Armed migrants are believed to be on board http://www.bbc.co.uk/news/world-europe-30635871


----------



## Mad Landsman (Dec 1, 2005)

*Armed person on ship.*

Italian Navy ship attending ferry fire has been sent to investigate a report of 'Possible armed persons' on a cargo ship carrying migrants to Croatia. 

Moldovan flagged Blue Sky M - last reported Ionian Sea NW of Corfu but no AIS updates recently. 

' Distress call' alleged to have been sent by 'someone on board' ??


----------



## Mad Landsman (Dec 1, 2005)

Amend above - Greek Frigate 'Navarino' attending. 

But, vessel reported to be heading to Puglia - Master has made contact and is requesting food. 

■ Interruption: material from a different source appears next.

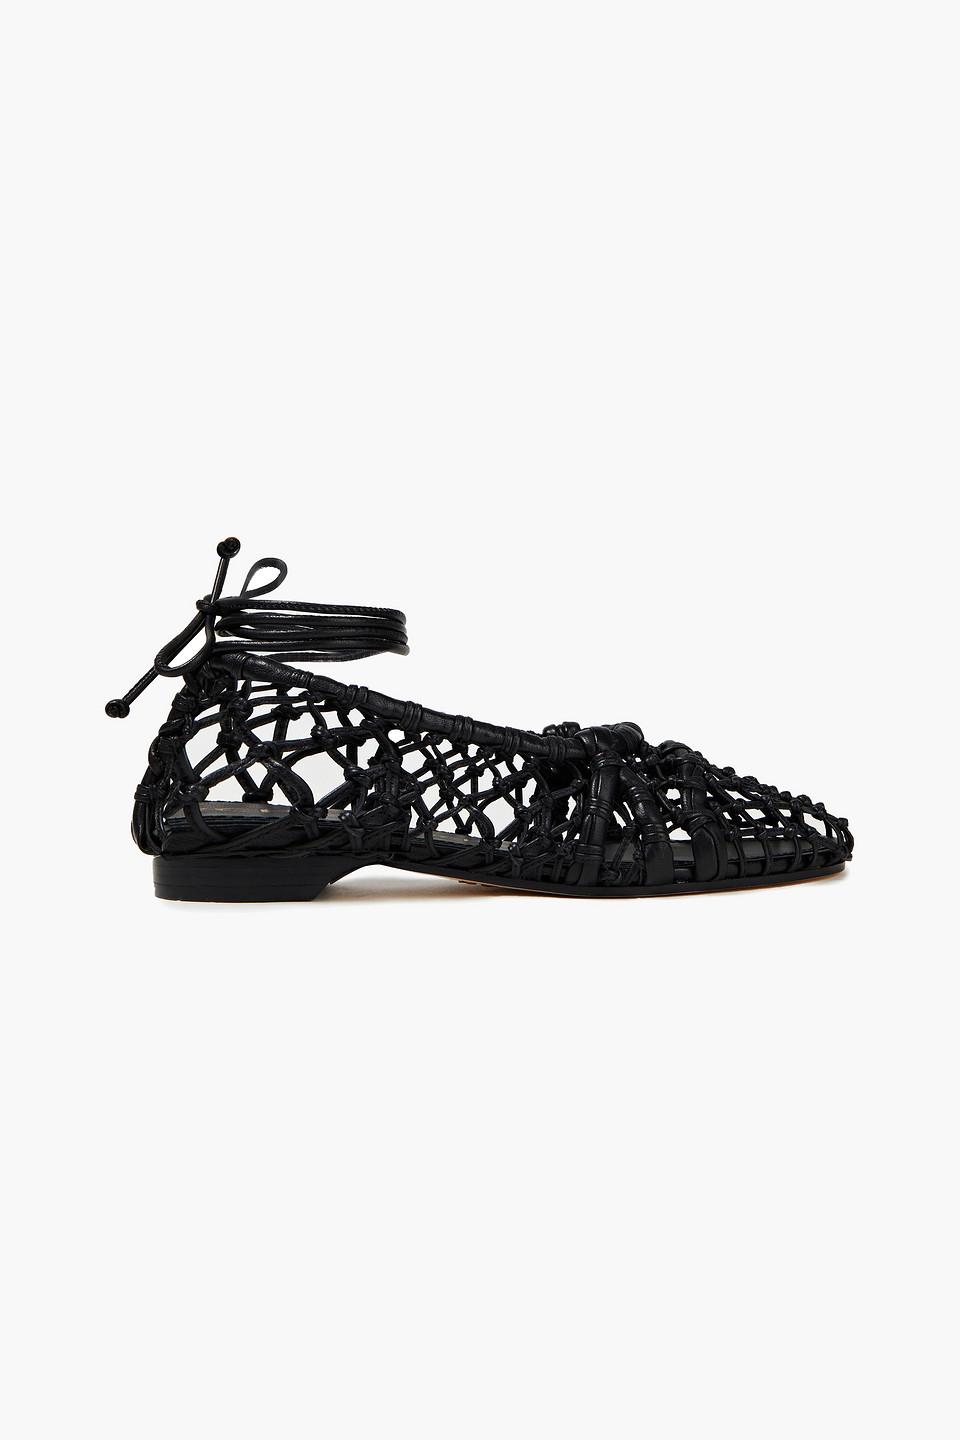 Tory Burch Helena Knotted Leather Ballet Flats in Black | Lyst Australia

Various reports - 500 or 600 or even 700 Syrian migrants on board - You choose! 
Italian press say that it is rumoured that the organisers have decamped on another vessel.


----------



## ben27 (Dec 27, 2012)

good day ponpeyfan.super moderator.today.00:36.re:cargo ship in distress off corfu-merged threads.bad news for the italian goverment.seems to be conflicting reports about how many.or are there armed passengers aboard.the captain is now requesting food and help in general.i can believe the organisers have jumped ship,they got there money.thank you for the news.regards ben27


----------



## Mad Landsman (Dec 1, 2005)

Vessel has been boarded by Italian Coastguard who have taken it to Gallipoli, Italy.
Rumour proved correct - the crew had abandoned the ship and left it on auto heading for Italy. 
http://www.bbc.co.uk/news/world-europe-30639794


----------



## Pete D Pirate (Jan 8, 2014)

I just heard on the news that there's another one...
A cargo of refugees, on course for Italy and abandoned by the crew.
A major rescue effort, under difficult conditions, is underway.


----------



## Pompeyfan (Aug 9, 2005)

Pete D Pirate said:


> I just heard on the news that there's another one...
> A cargo of refugees, on course for Italy and abandoned by the crew.
> A major rescue effort, under difficult conditions, is underway.


Link here http://www.bbc.co.uk/news/world-europe-30653742


----------



## Mad Landsman (Dec 1, 2005)

MV Ezadeen


----------